WORK ORDER: Each record below is to be retyped exactly, with its pictures omitted.

#####

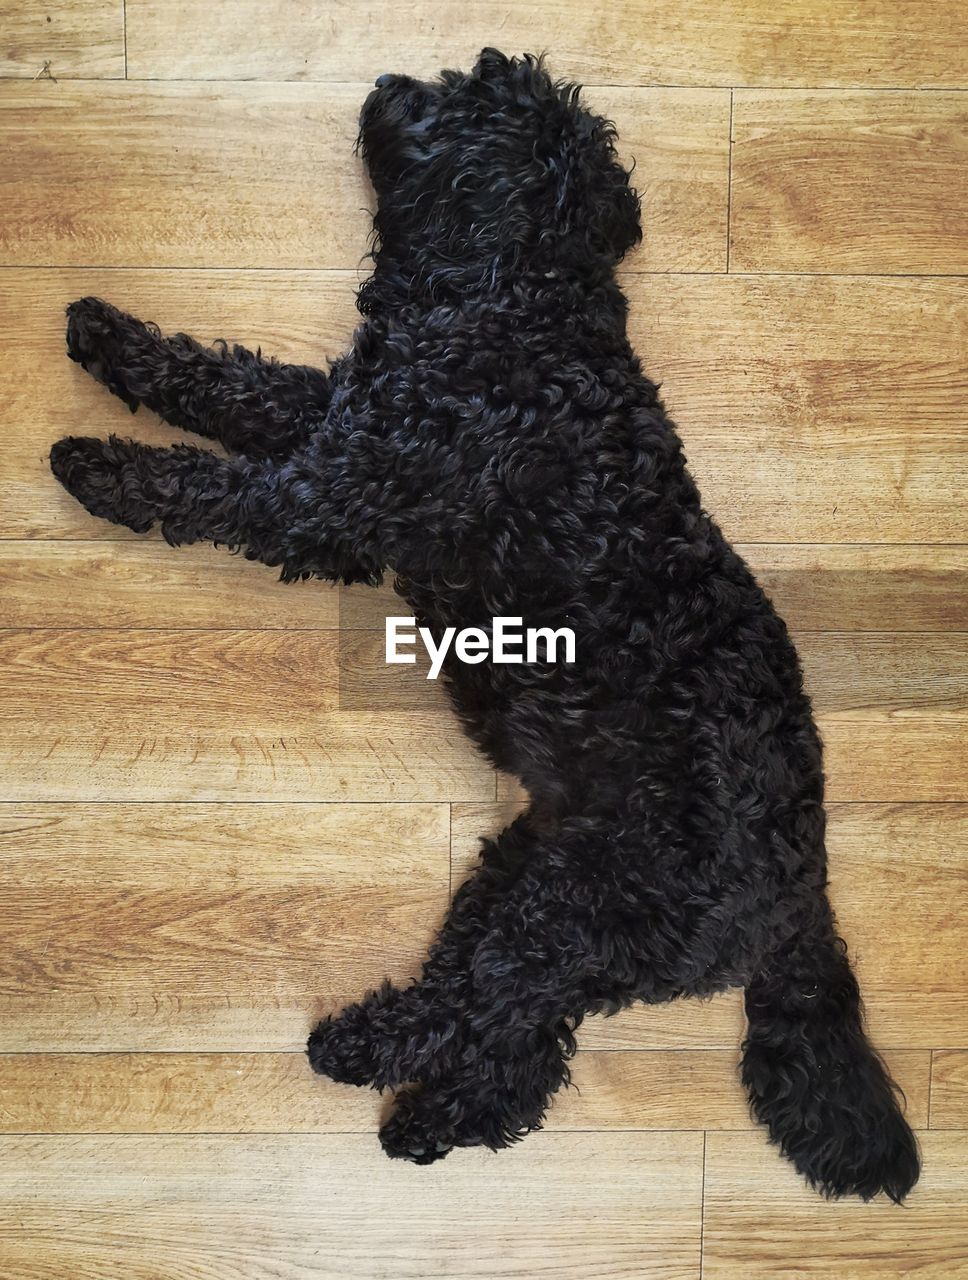 SHADOW OF A DOG LYING ON FLOOR
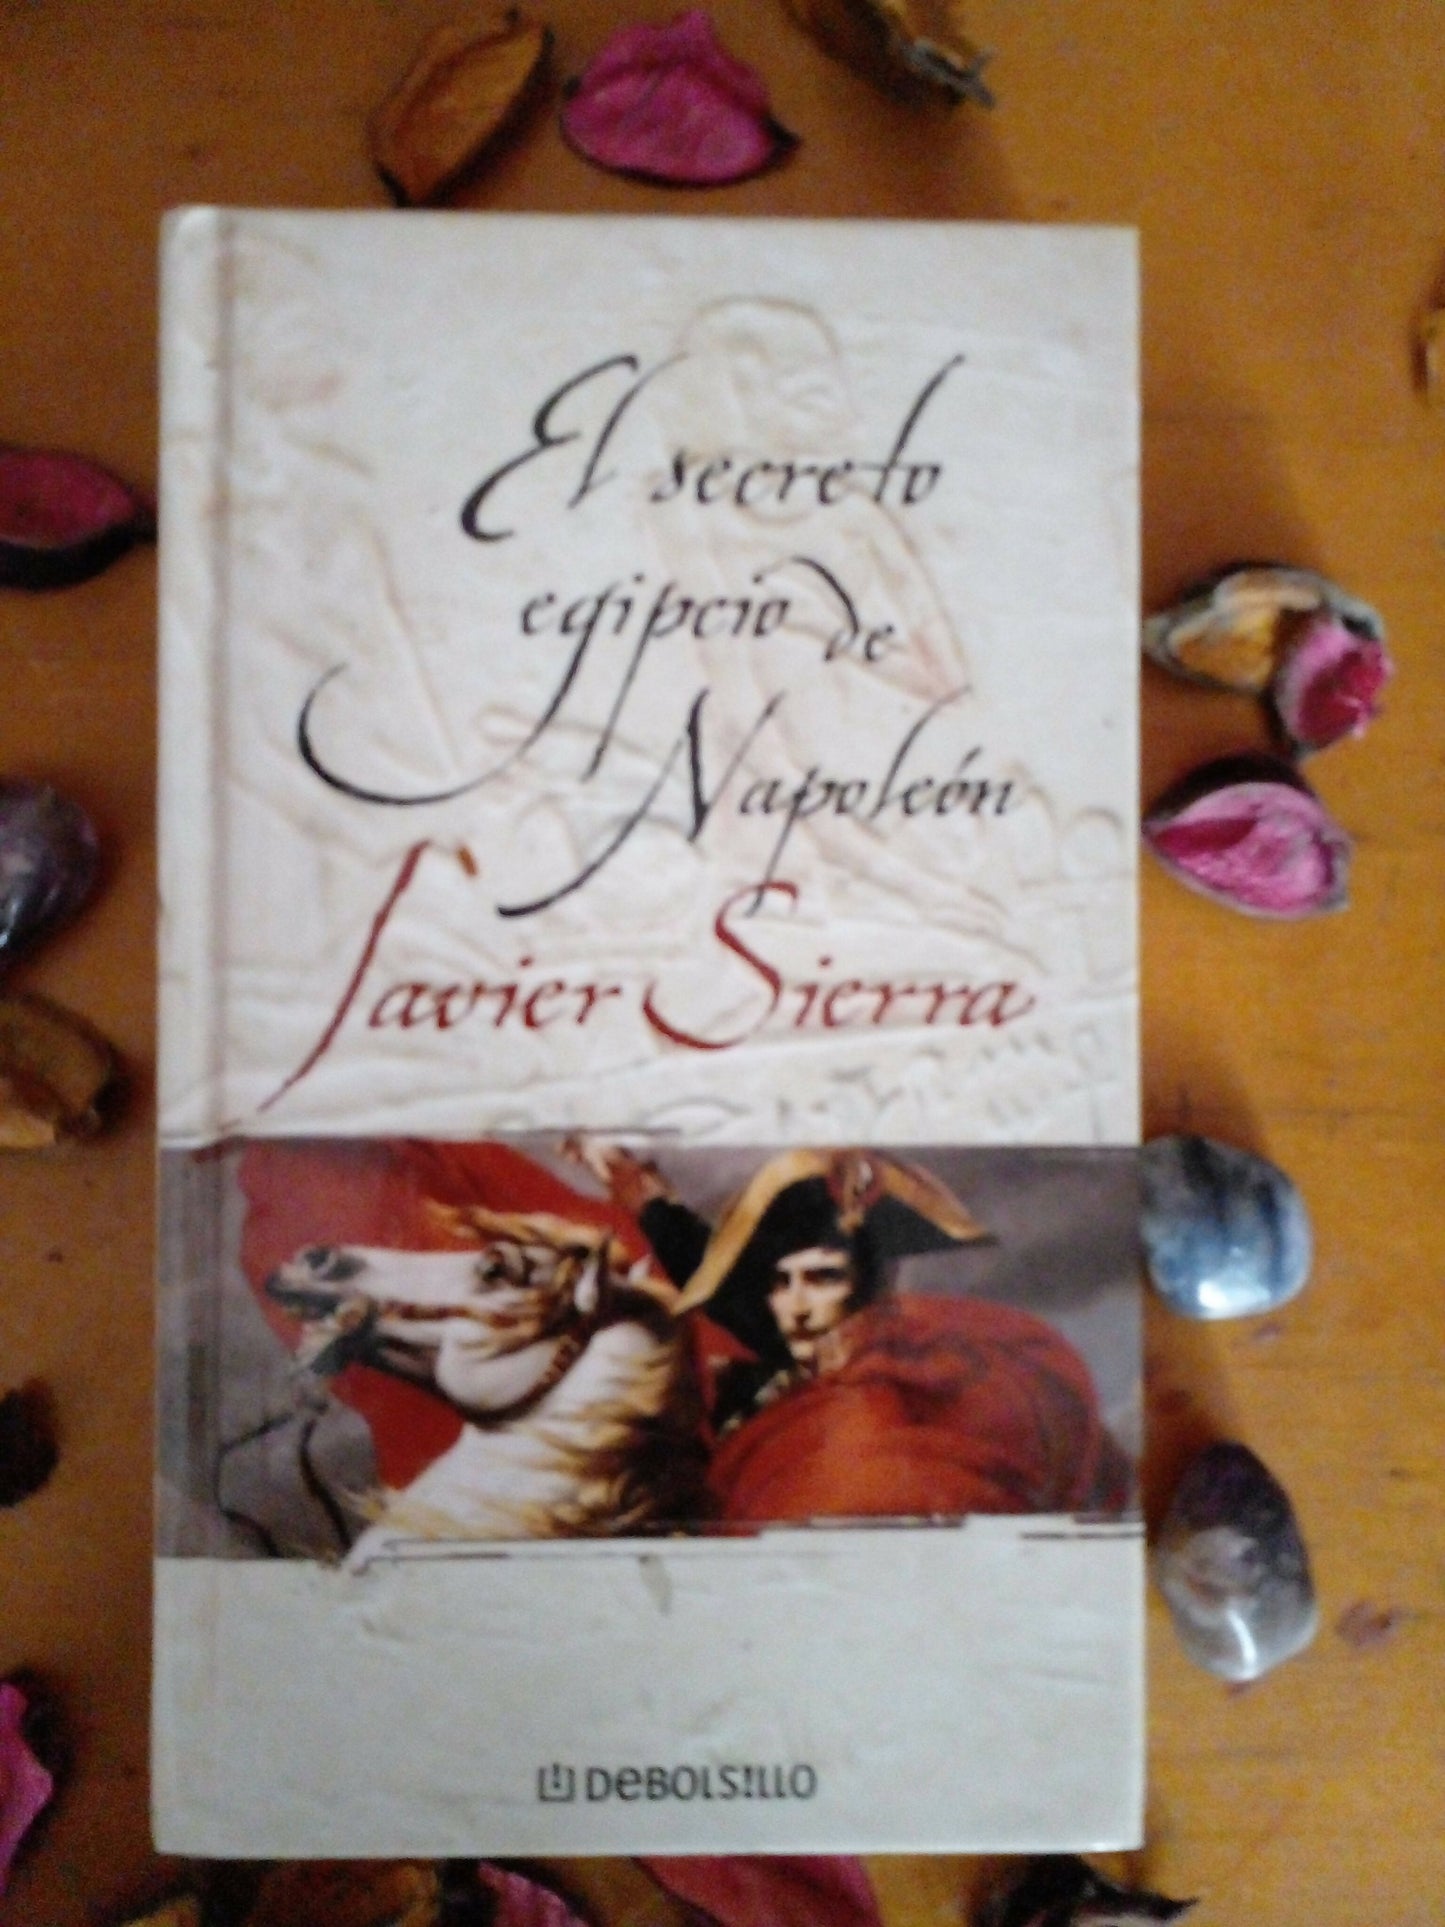 "El Secreto Egipcio de Napoleón"
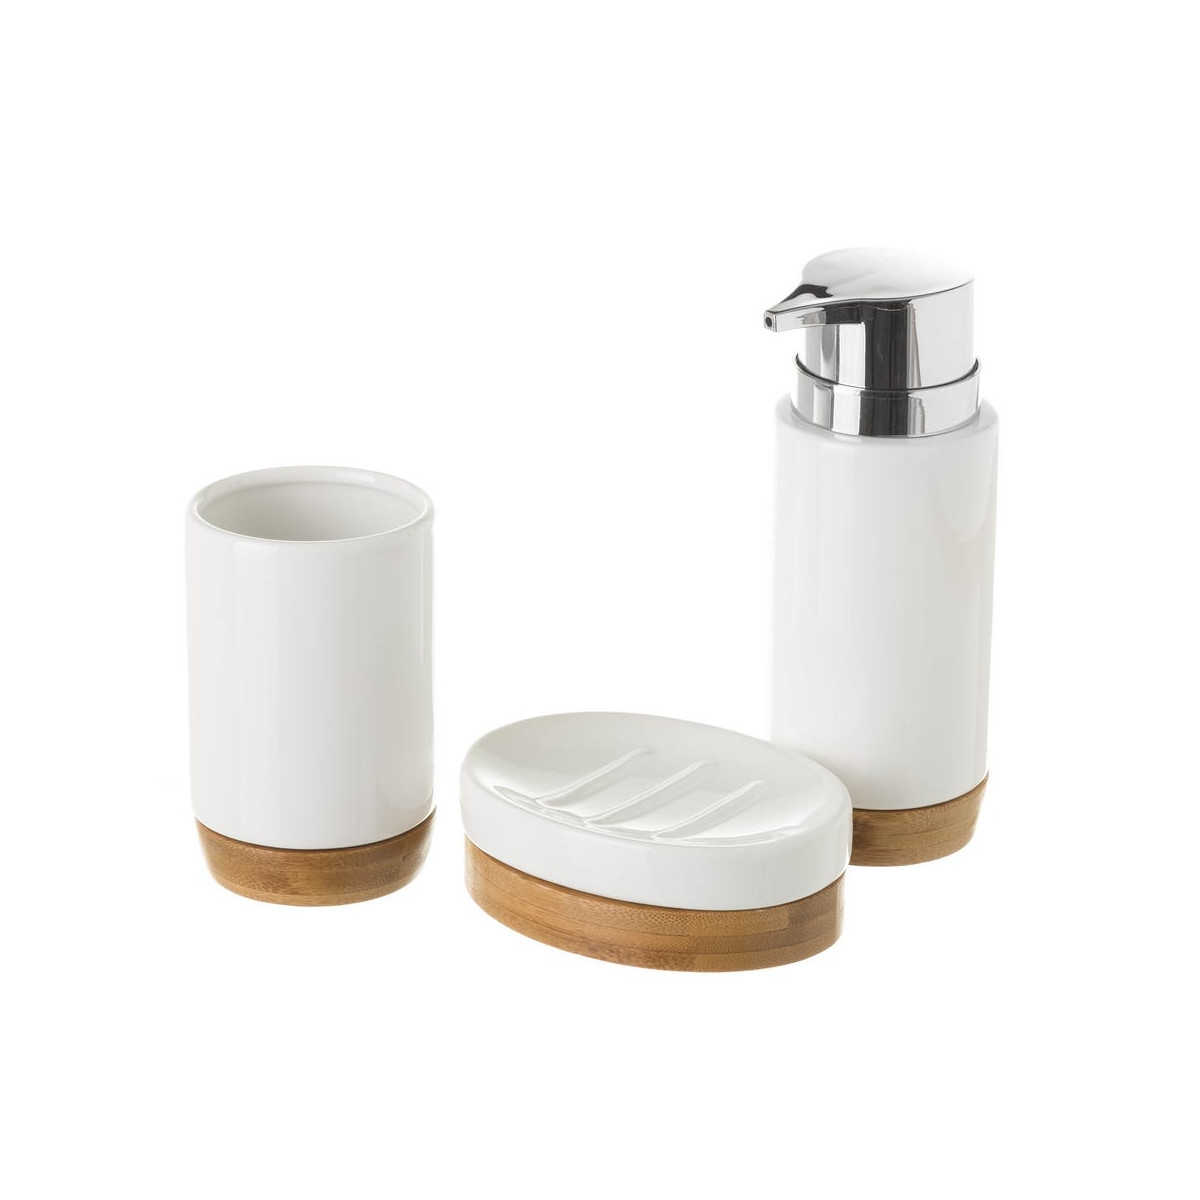 Set salle de bain céramique blanche et bambou - 3 pièces
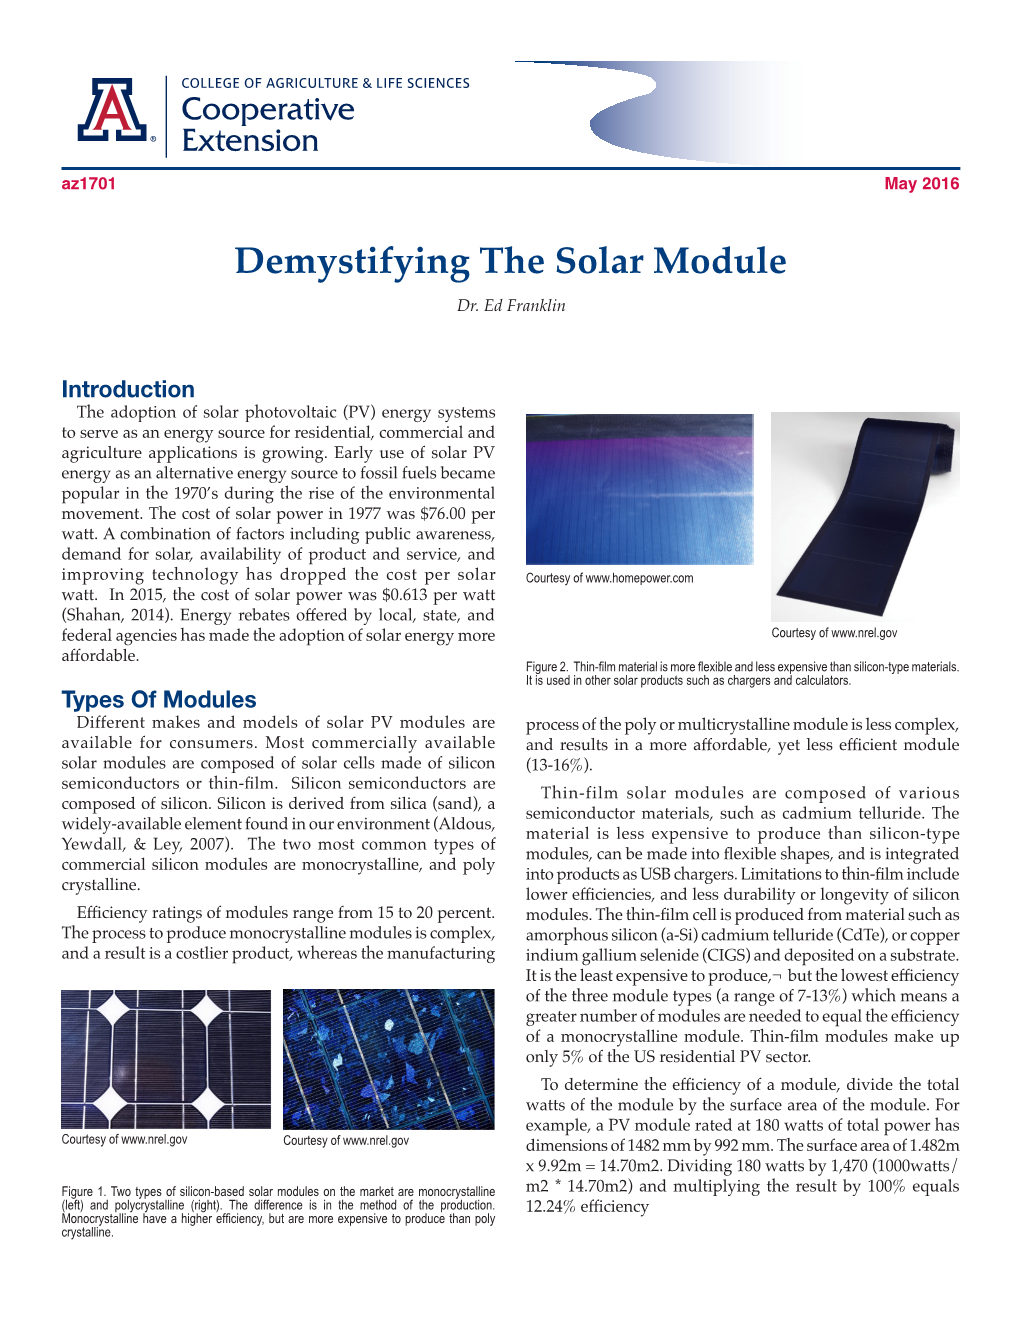 Demystifying the Solar Module Dr
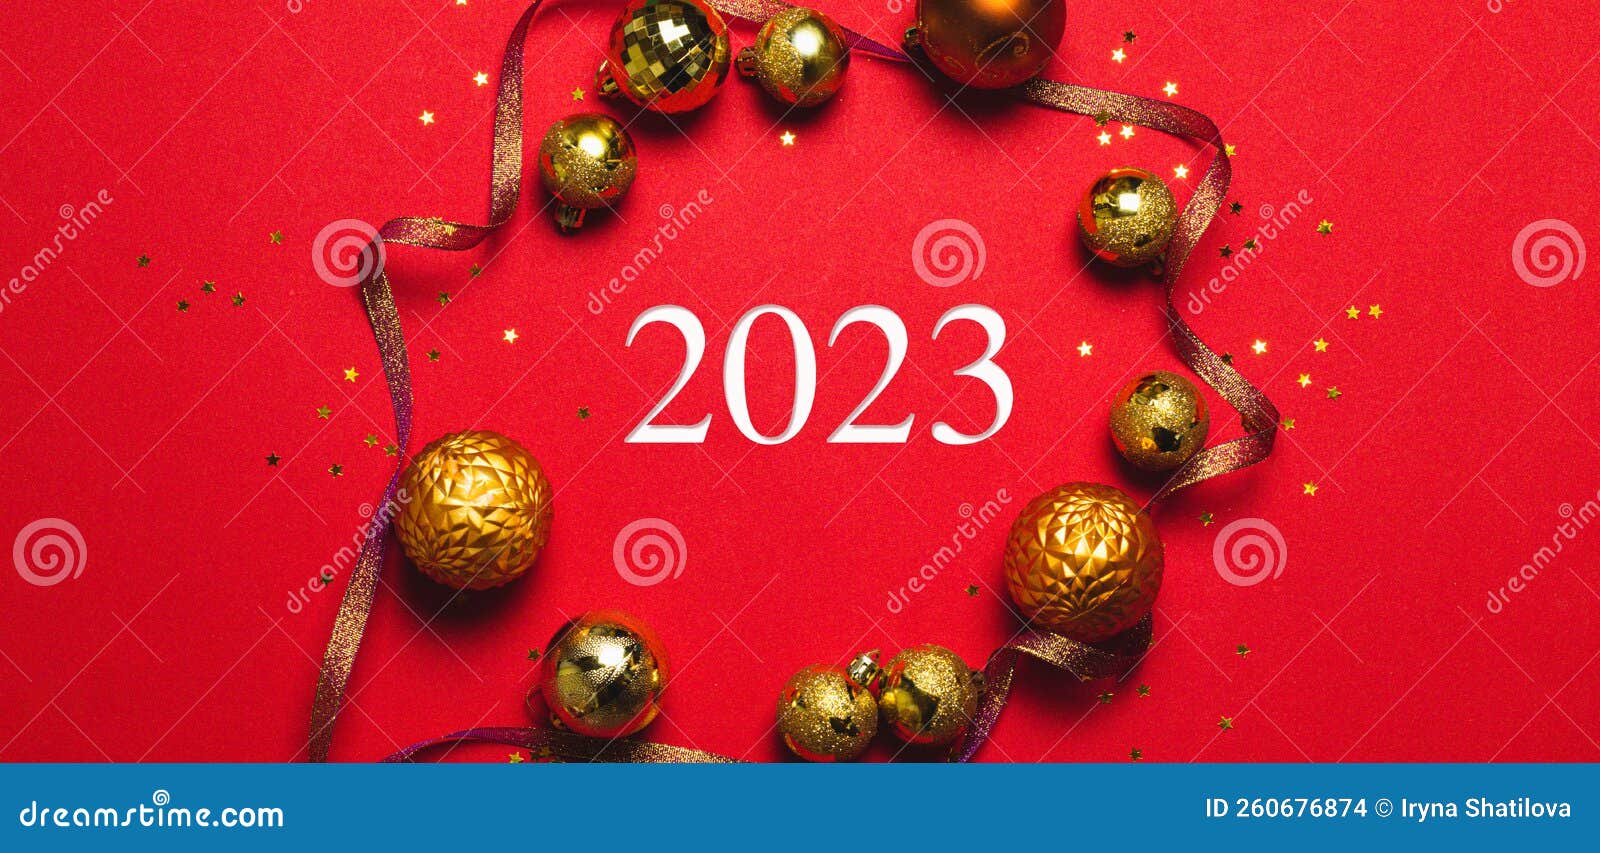 Một lời chúc Giáng sinh vui vẻ và kỳ nghỉ Tết Âm lịch 2024 sẽ mang đến niềm vui và hạnh phúc cho người nhận. Hãy chọn cho mình những từ ngữ tinh tế và đầy ý nghĩa để truyền đạt tình cảm của mình đến người thân và bạn bè trong dịp lễ này.

#####

SOLUTION FOR THIS TASK:
 SHADOW OF A DOG LYING ON FLOOR
 "El Secreto Egipcio de Napoleón"
 Set salle de bain céramique blanche et bambou - 3 pièces
 Demystifying the Solar Module Dr
 Một lời chúc Giáng sinh vui vẻ và kỳ nghỉ Tết Âm lịch 2024 sẽ mang đến niềm vui và hạnh phúc cho người nhận. Hãy chọn cho mình những từ ngữ tinh tế và đầy ý nghĩa để truyền đạt tình cảm của mình đến người thân và bạn bè trong dịp lễ này.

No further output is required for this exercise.